_Task details:_ Copy the listing below letter for letter, passing over each picture.

_Data:_
---*---

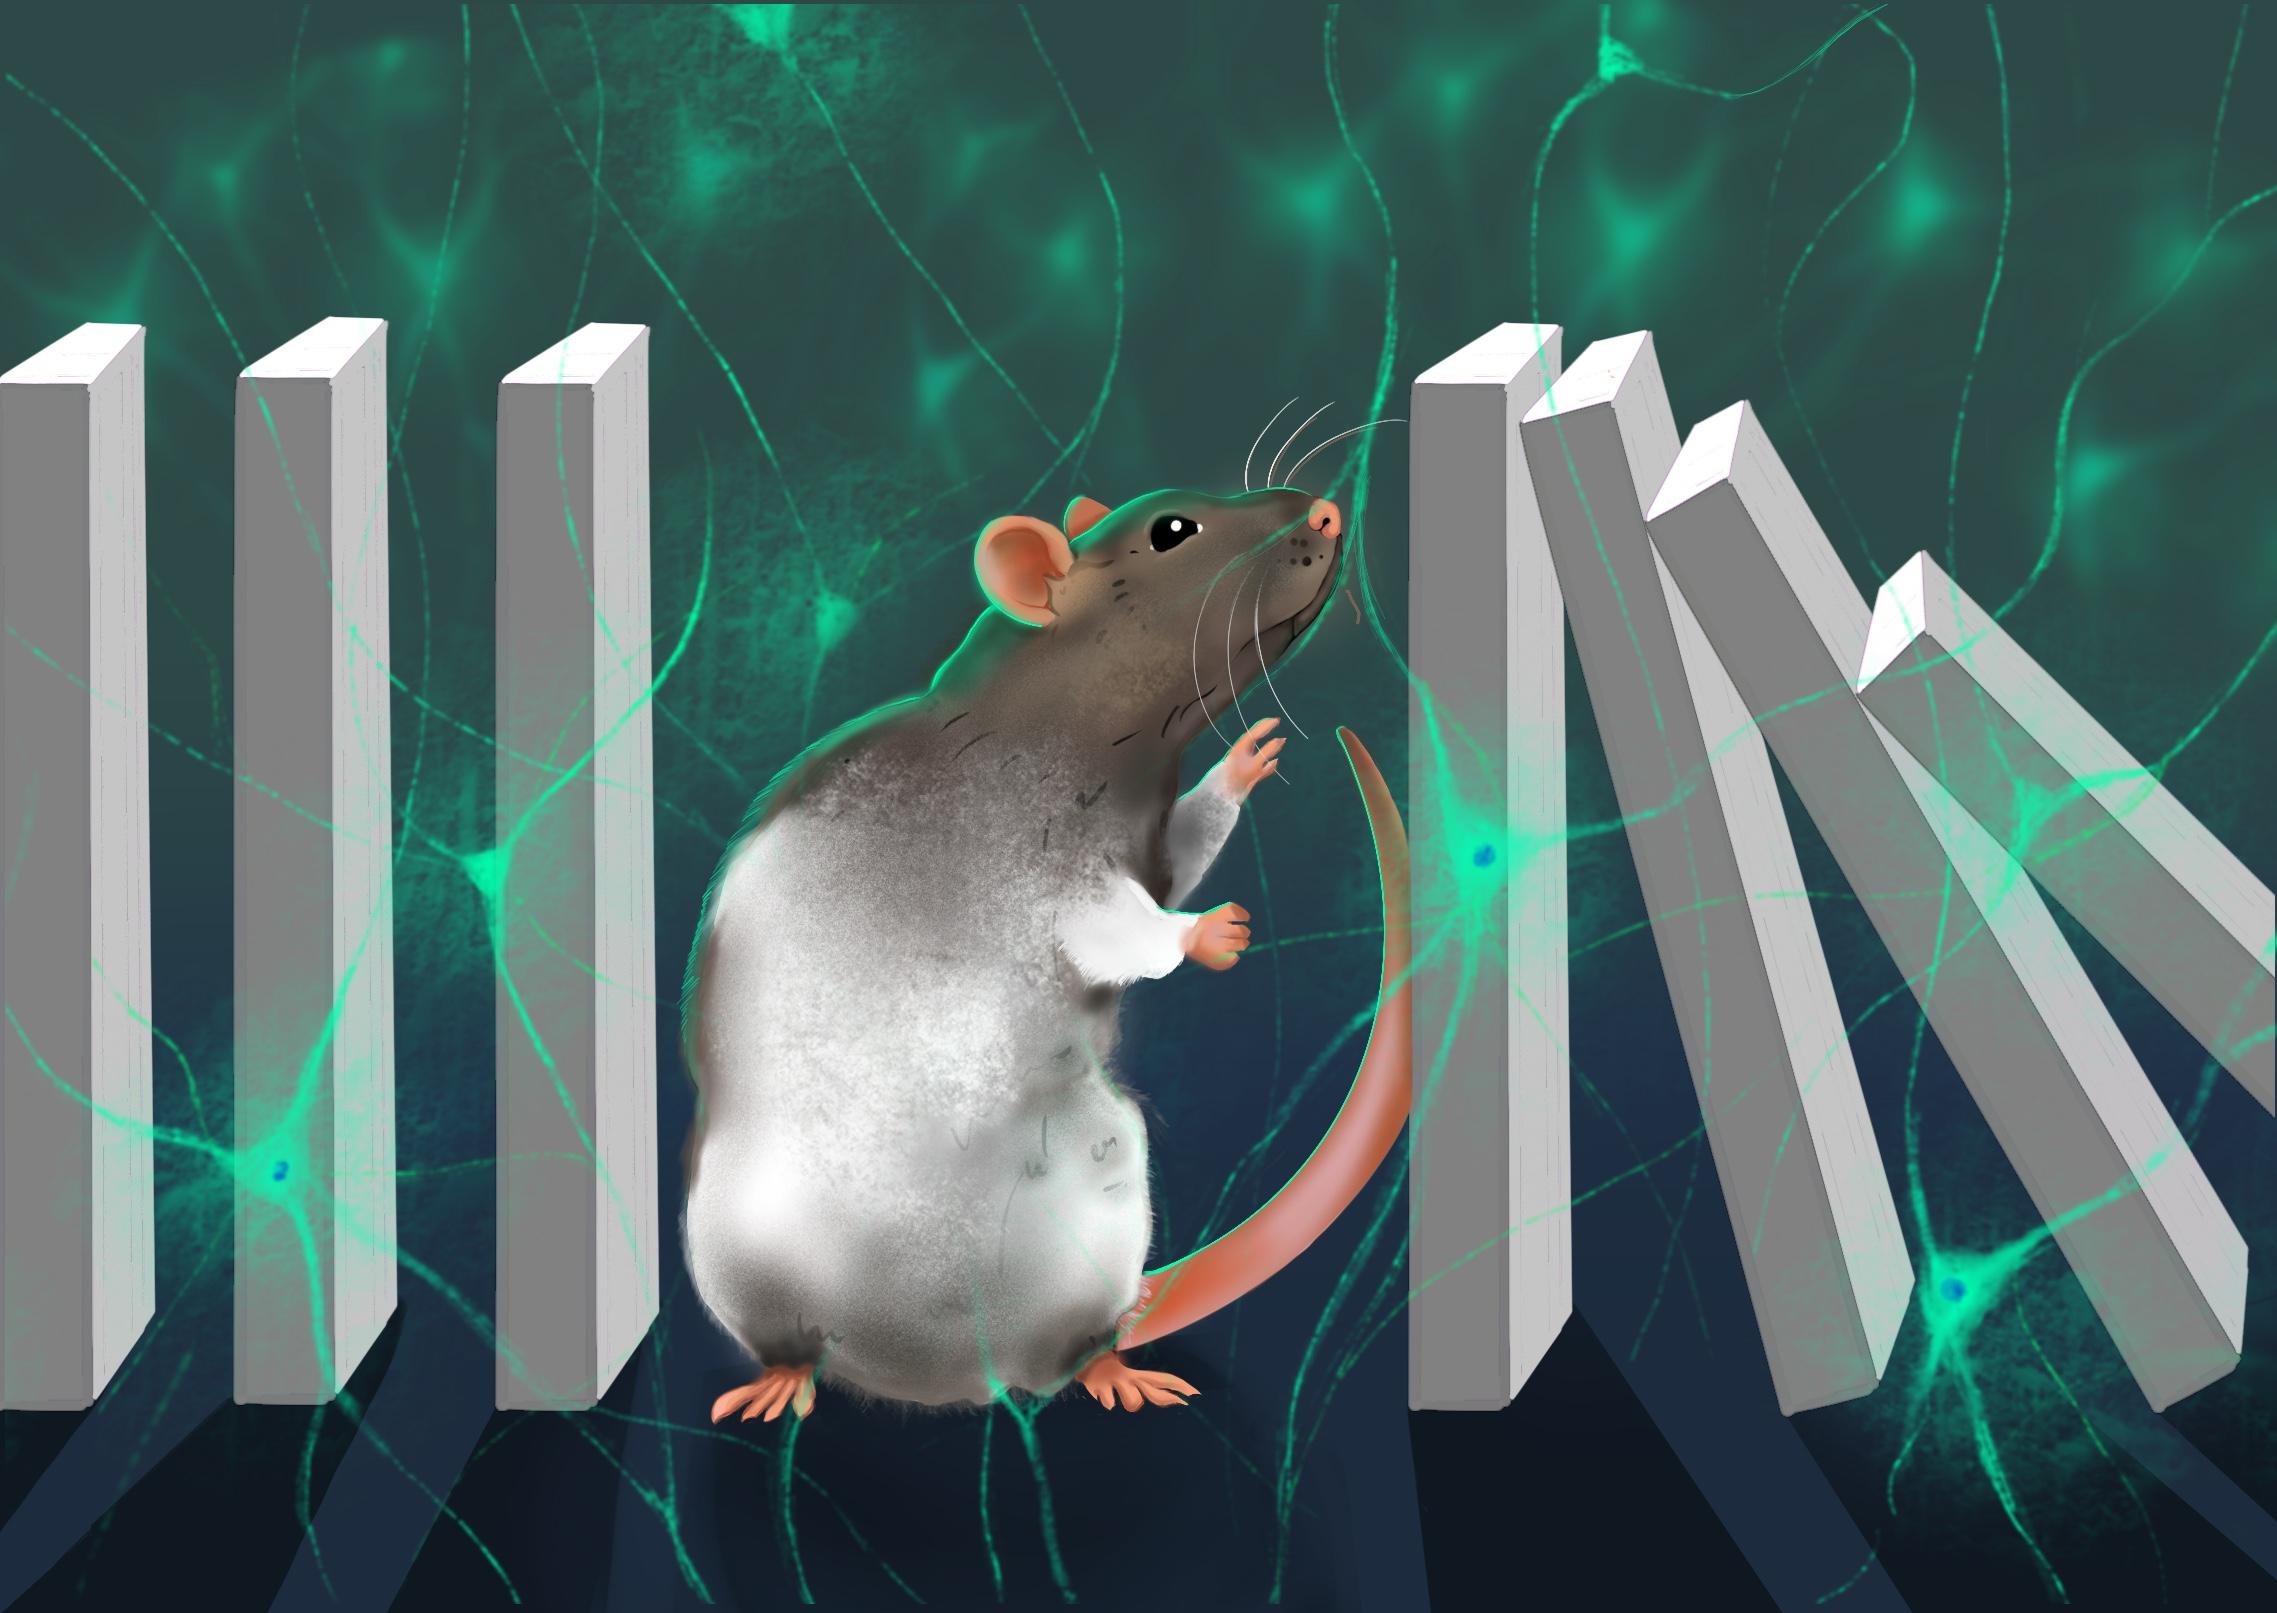 Sabariego et al. 2019 - Neuron
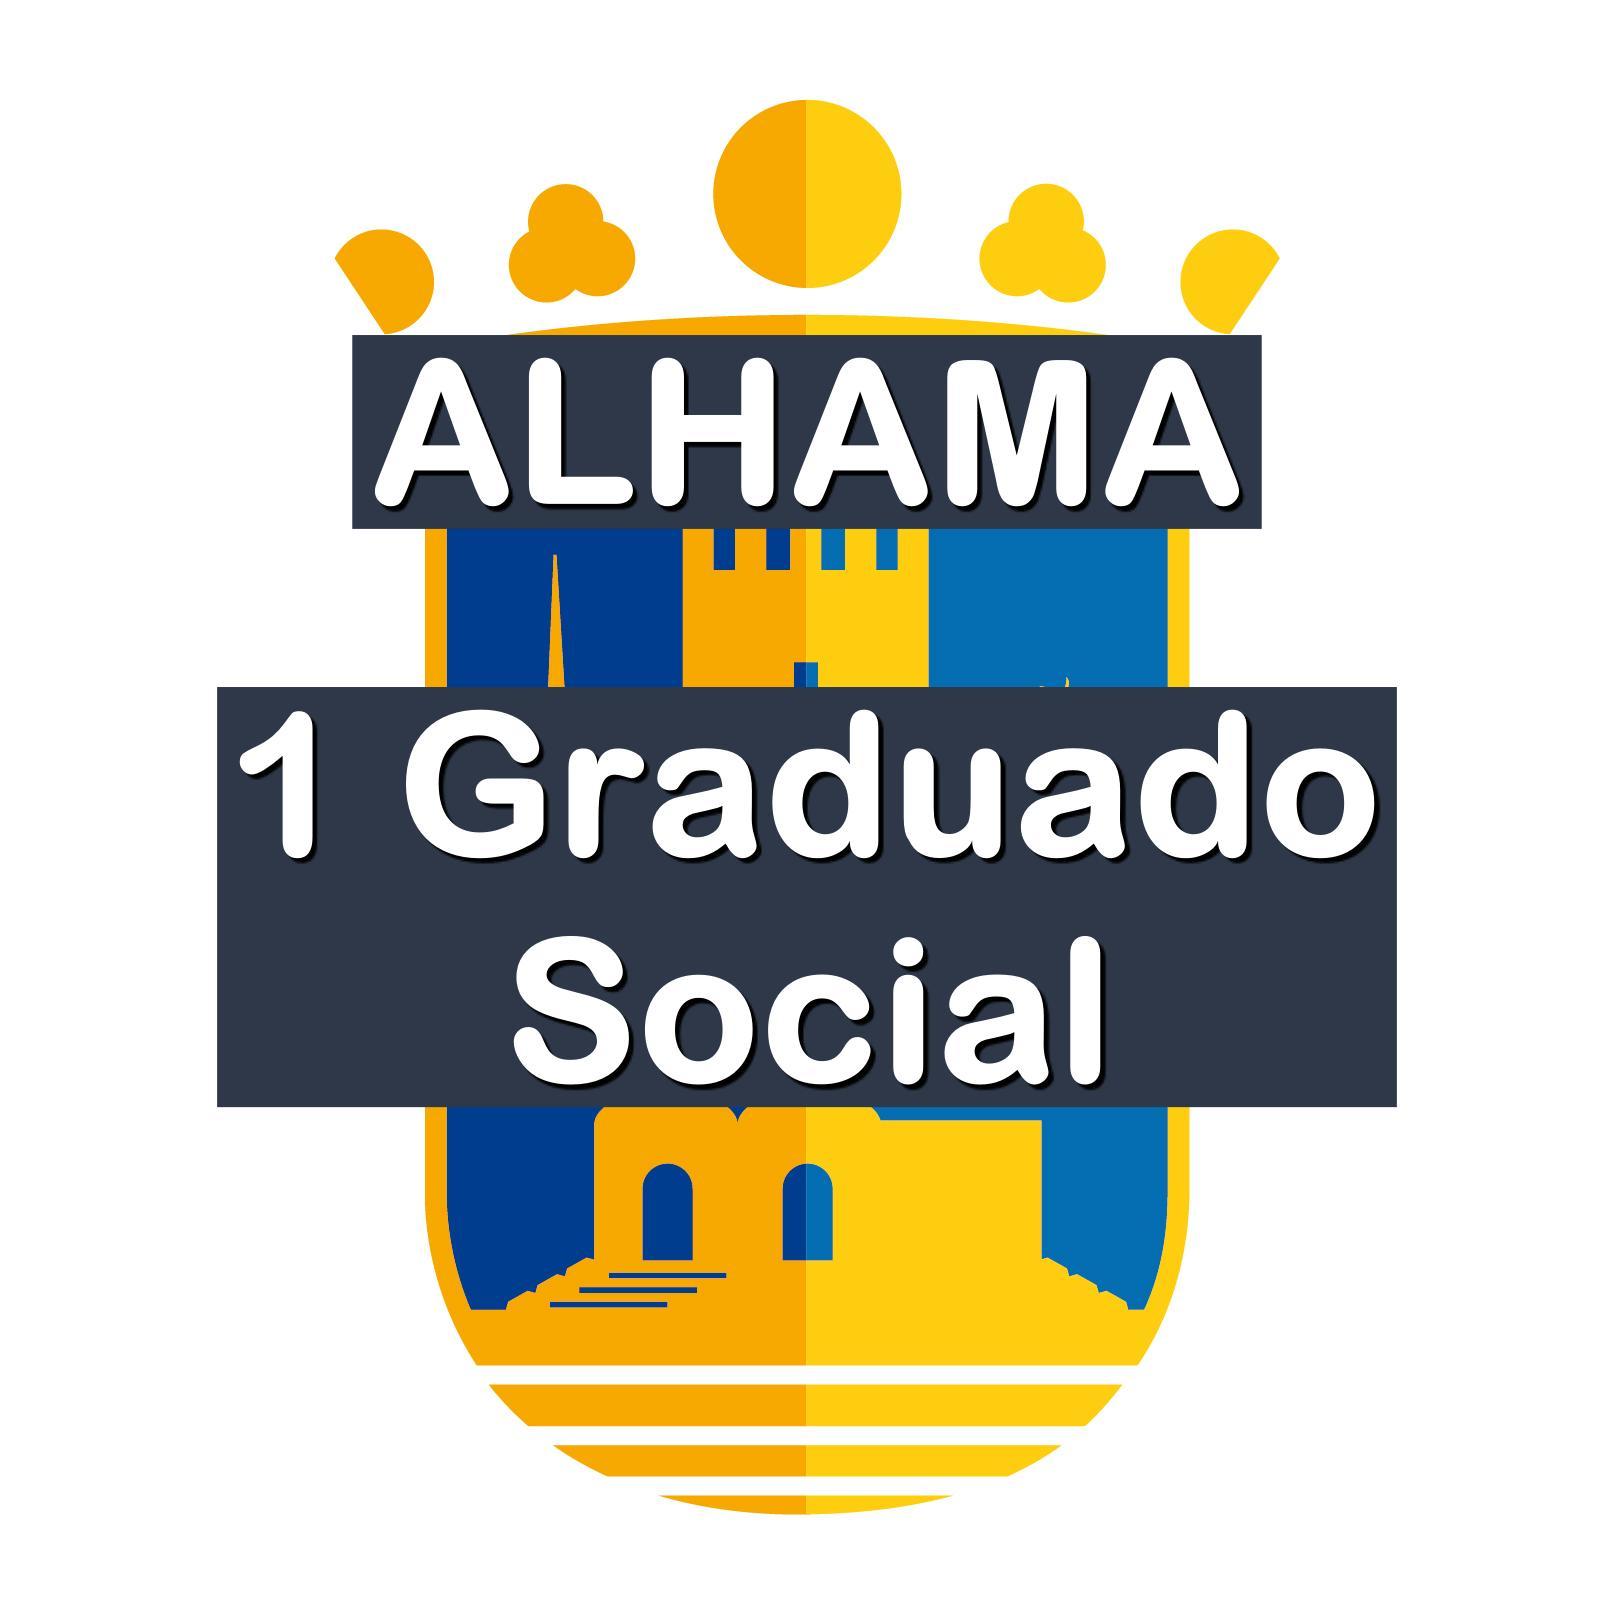 1 Graduado Social en Alhama de Murcia
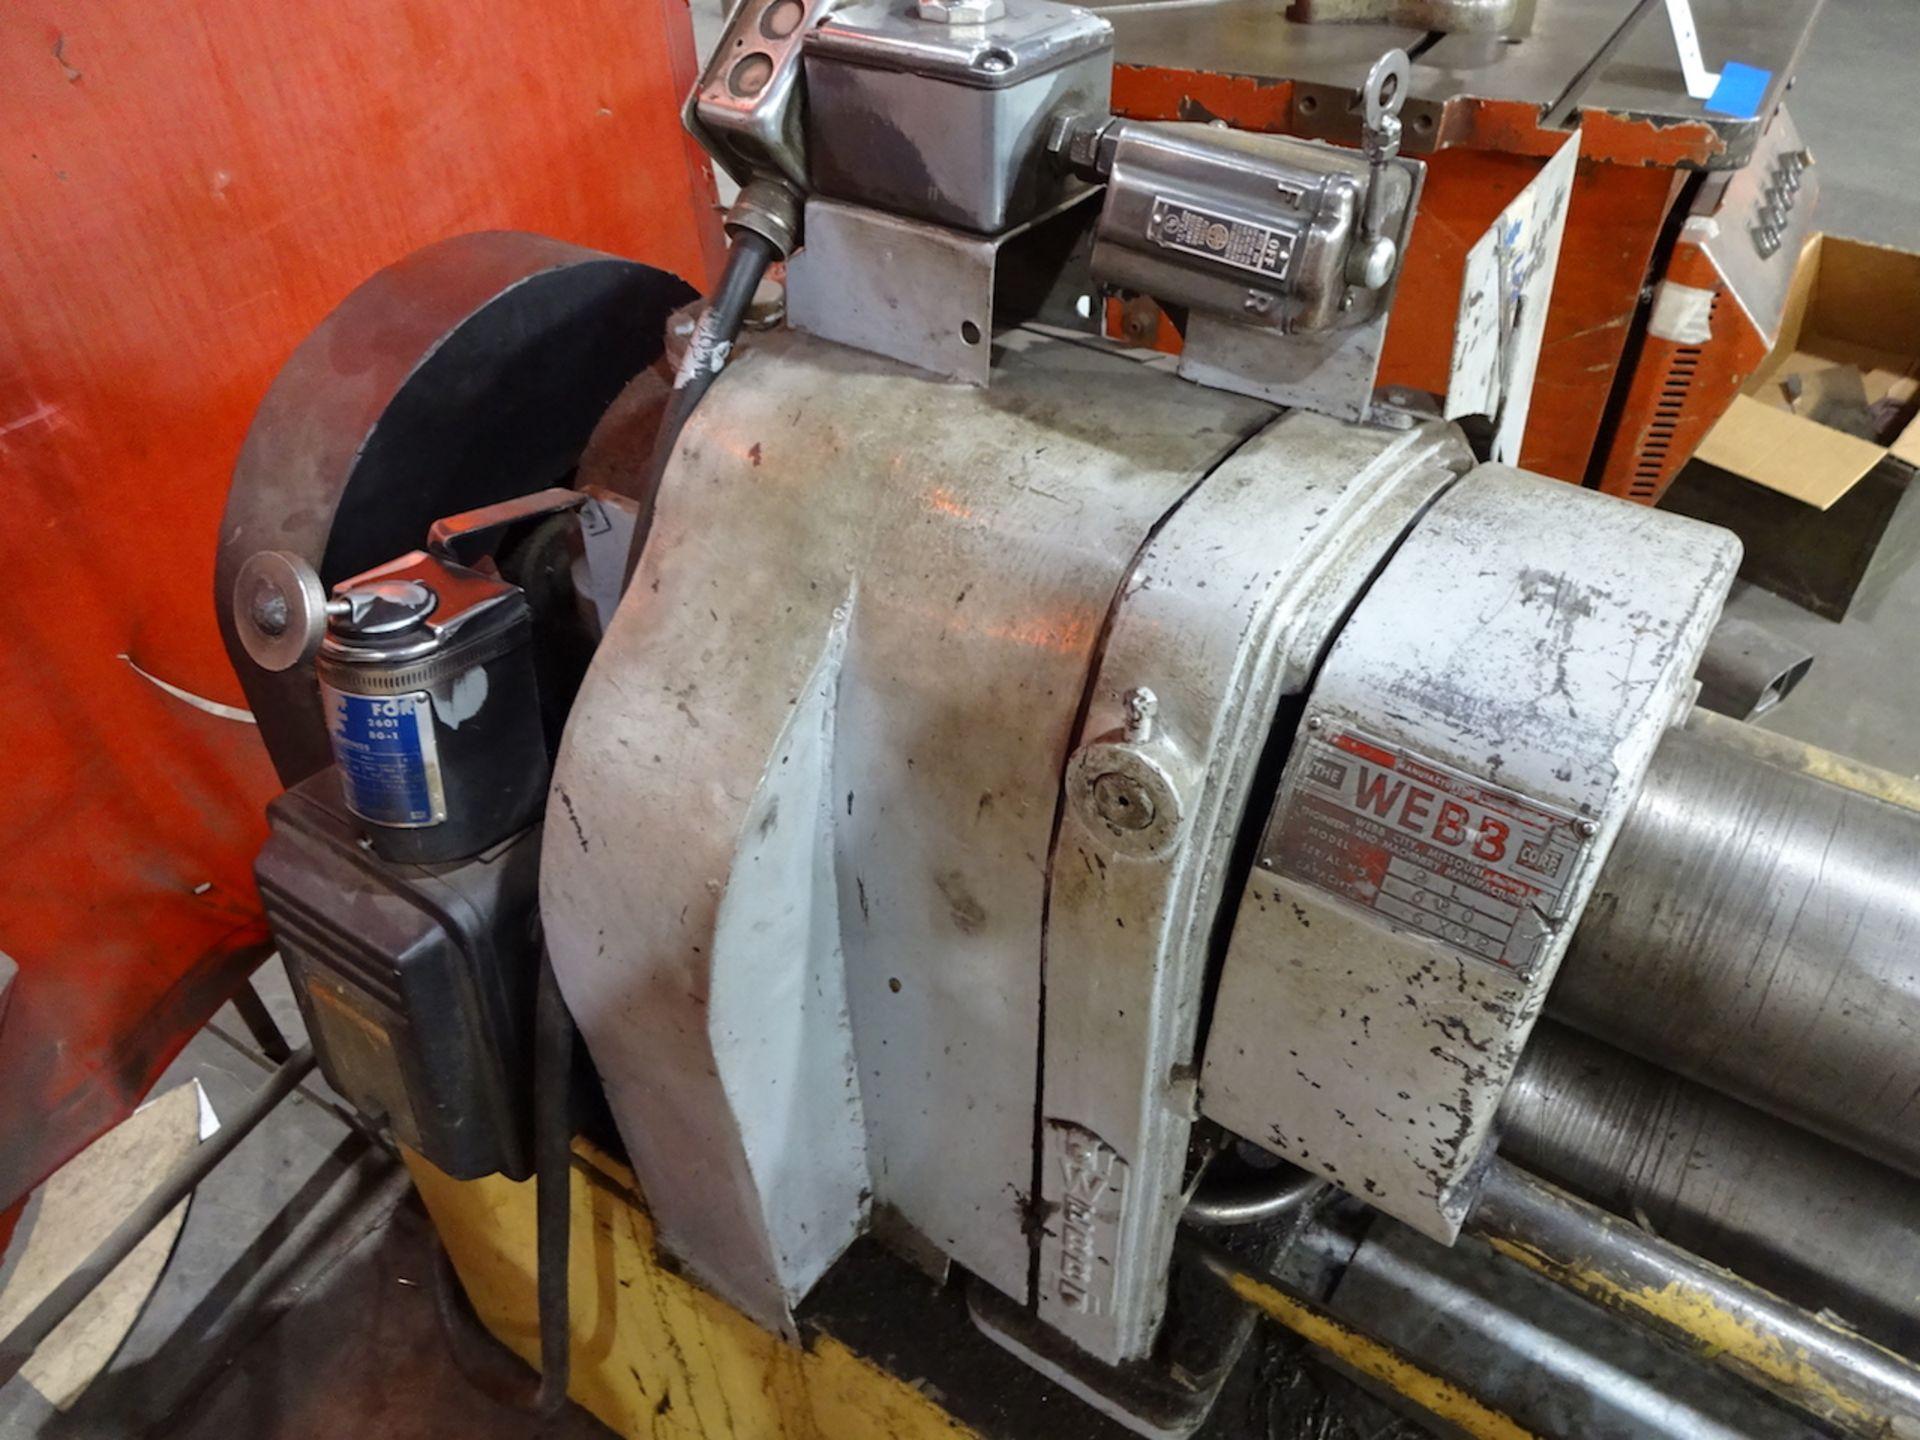 Lot 42 - Webb 6 ft. x 12 ga. Model 2L Bending Roll, S/N 620, 5 in. Dia. Rolls, AC Motor Controls

---*---

_Reply:_
 Sabariego et al. 2019 - Neuron
 1 Graduado Social en Alhama de Murcia
 Lot 42 - Webb 6 ft. x 12 ga. Model 2L Bending Roll, S/N 620, 5 in. Dia. Rolls, AC Motor Controls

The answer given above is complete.